Кир говорит, а ты вынужден слушать. Он просит тебя повторить его слова. Это очень важно, чтобы ты все усвоил. Повтори. Или он эвакуирует твои мозги из черепной коробки.
Кир пристрелит тебя в любом случае, но глупая надежда все равно заставляет подчиниться.
В отработанных пластинах аккумуляторов содержится сурьма, необходимая для сплава для отливки пуль. Знания Кира систематически хаотичны.
Дуло револьвера, вырезанное из масляной трубки экскаватора, сверлит тебя черным взглядом, а ты уставляешься в его угрожающую пустоту и повторяешь:
– Да, да, я понял. В жизни больше нет смысла.
Твоя нижняя губа онемела и разбухла, превратилась в засохшего мармеладного червячка. Ты трогаешь языком шатающийся зуб, ощупываешь синяк под глазом, а бритоголовый профессор улыбается и продолжает свою лекцию.
Один глаз у Кира косит, поэтому лучше не смотреть ему в глаза.
Итак, говорит Кир, смысла больше нет. Бессмысленное будущее наступило. И в этом будущем каждый из нас автоматически получает удостоверение победителя при рождении. Ты победитель-потребитель. И тебе не нужно убивать мамонта, чтобы это доказать. Не нужно добывать огонь, не нужно облачаться в шкуры и точить копье. Мамонты давно вымерли, и тебе больше не на кого охотиться. Ты победитель по умолчанию. Угрюмый хозяин жизни, которому ничего от нее не нужно.
– Скажи, когда ты в последний раз встречал живого мамонта? – спрашивает Кир. Его рука дрожит. – С бивнями и всем таким. Когда ты в последний раз гладил его шерсть?
– Никогда, Кир. Я никогда не встречал живого мамонта. И никогда не гладил его шерсть.
Кир кивает.
– Потому что мамонтов больше не осталось. И отныне твоя простая безмамонтовая миссия – нажимать на кнопку, когда от тебя это требуется. Ты ложишься на диван перед телевизором и жмешь на кнопку. Ты садишься в кресло перед компьютером и жмешь на кнопку. Ты разводишь костер, ты заказываешь еду, ты смываешь за собой дерьмо одним нажатием кнопки. Нажми на кнопку и получи свою ежедневную дозу Комфорта, искусственного заменителя Счастья в яркой обертке.
Ты лабораторная тварь с иллюзией Свободы, купленной по скидке в торговом центре. Лампочка загорается – мышь крутит колесо.
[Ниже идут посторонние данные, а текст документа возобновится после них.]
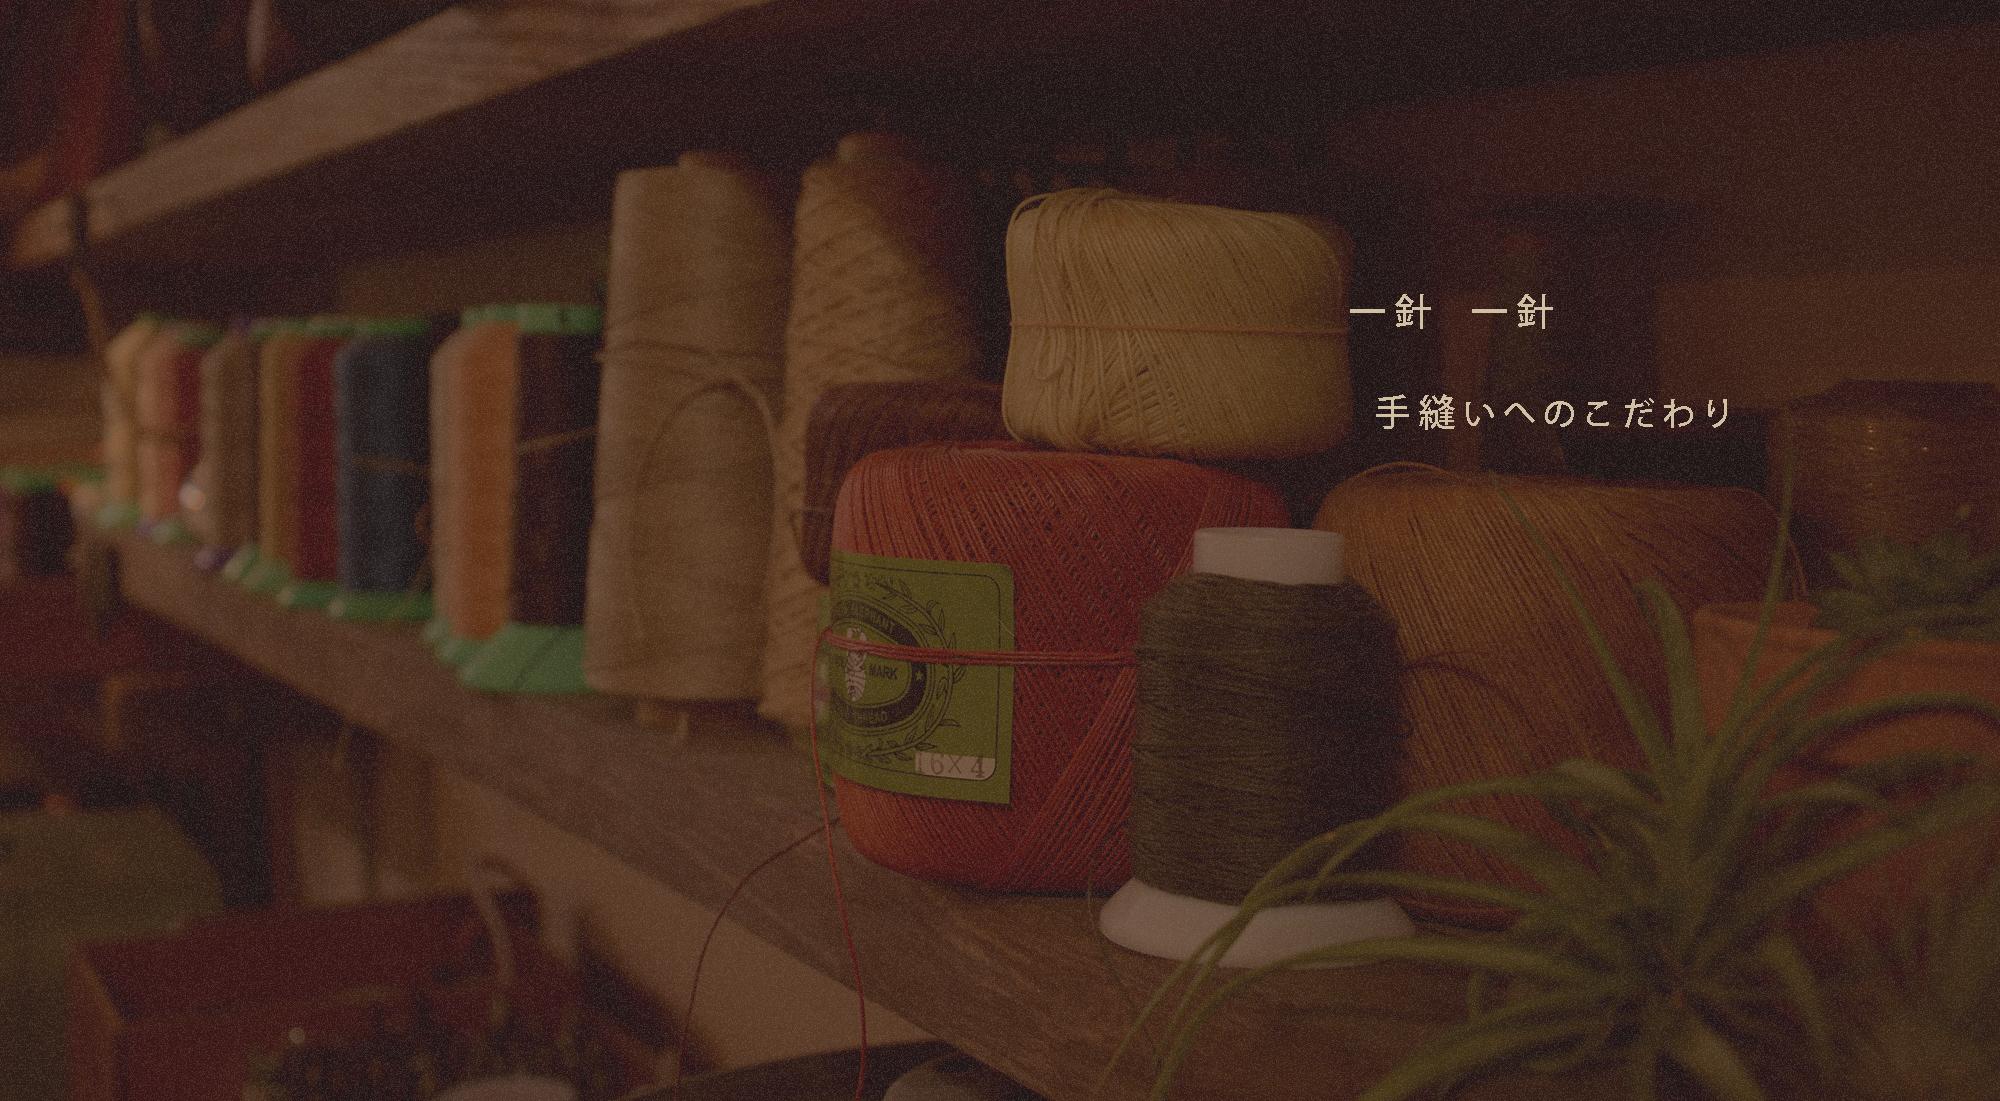 shujiworks手縫い革教室

Лампочка гаснет – мышь расписывается в получении кусочка сыра. Условный рефлекс. Реакция на раздражитель. Твой пульс стабилен, пока твоя кормушка полна, а туалет убран. Ты способен бежать, пока видишь под ногами колесо и пока у тебя есть доступ к твоим любимым социальным сетям.
– Но что ты будешь делать, когда сервера упадут? – спрашивает Кир.
Он использует слово «когда», а не «если».
– Куда ты будешь постить свои селфи с кактусами? Как будешь следить за своей бывшей? Как узнаешь, что кому-то интересен?
Кир обращается ко мне, но его вопросы риторические.
Кир продолжает.
– Ты обустроил свою клетку. В твоем типовом мире на типовом этаже типового дома в типовом спальном районе есть все, что нужно твоему типовому внутреннему миру.
Без разницы, работаешь ли ты ассенизатором и пьешь «Охоту Крепкое» или пишешь статьи для FURFUR и зависаешь в «Солянке». Без разницы, сидишь ли ты на «крокодиле» или веганишь и угораешь по вебпанку. Весь смысл твоего существования можно свести к домашним тапочкам и краткому промежутку времени между работой и сном.
Ты давно разучился бороться. Мечтать ты разучился еще раньше.
Отныне и вовеки веков ты раб вещей, облегчающих тебе жизнь.
Повтори.
Револьвер – весомый аргумент. Ты единственный ученик в классе. Сенсей надрывается для тебя одного. Ты повторяешь:
– Да, да, я лабораторная тварь. Мое существование сводится к тапочкам и что-то там такое. Аминь. Аминь, твою мать!
И самое страшное, говорит Кир, что тебя это устраивает. Ты разучился видеть разницу между правдой и обманом. Между Свободой и ее иллюзией.
Однажды ты выгодно обменял шашку динамита на перьевую подушку. Теперь же ты уверен, что никогда не умрешь. В твоей почти идеальной жизни ничего и никогда не изменится. Лампочка загорится утром и погаснет вечером. В бесконечности данного момента от опасного и несправедливого мира тебя отделяют нагромождения типовых этажей. Пара десятков метров, несколько керамзитобетонных перекрытий и оборот ключа в замке твоей надежной стальной двери. Ты замкнут в удобстве и безопасности. Ты спокоен, почти счастлив и у тебя впереди еще пара десятков тысяч таких же спокойных и почти счастливых вечеров, отмеченных хэштегом «#комфорт».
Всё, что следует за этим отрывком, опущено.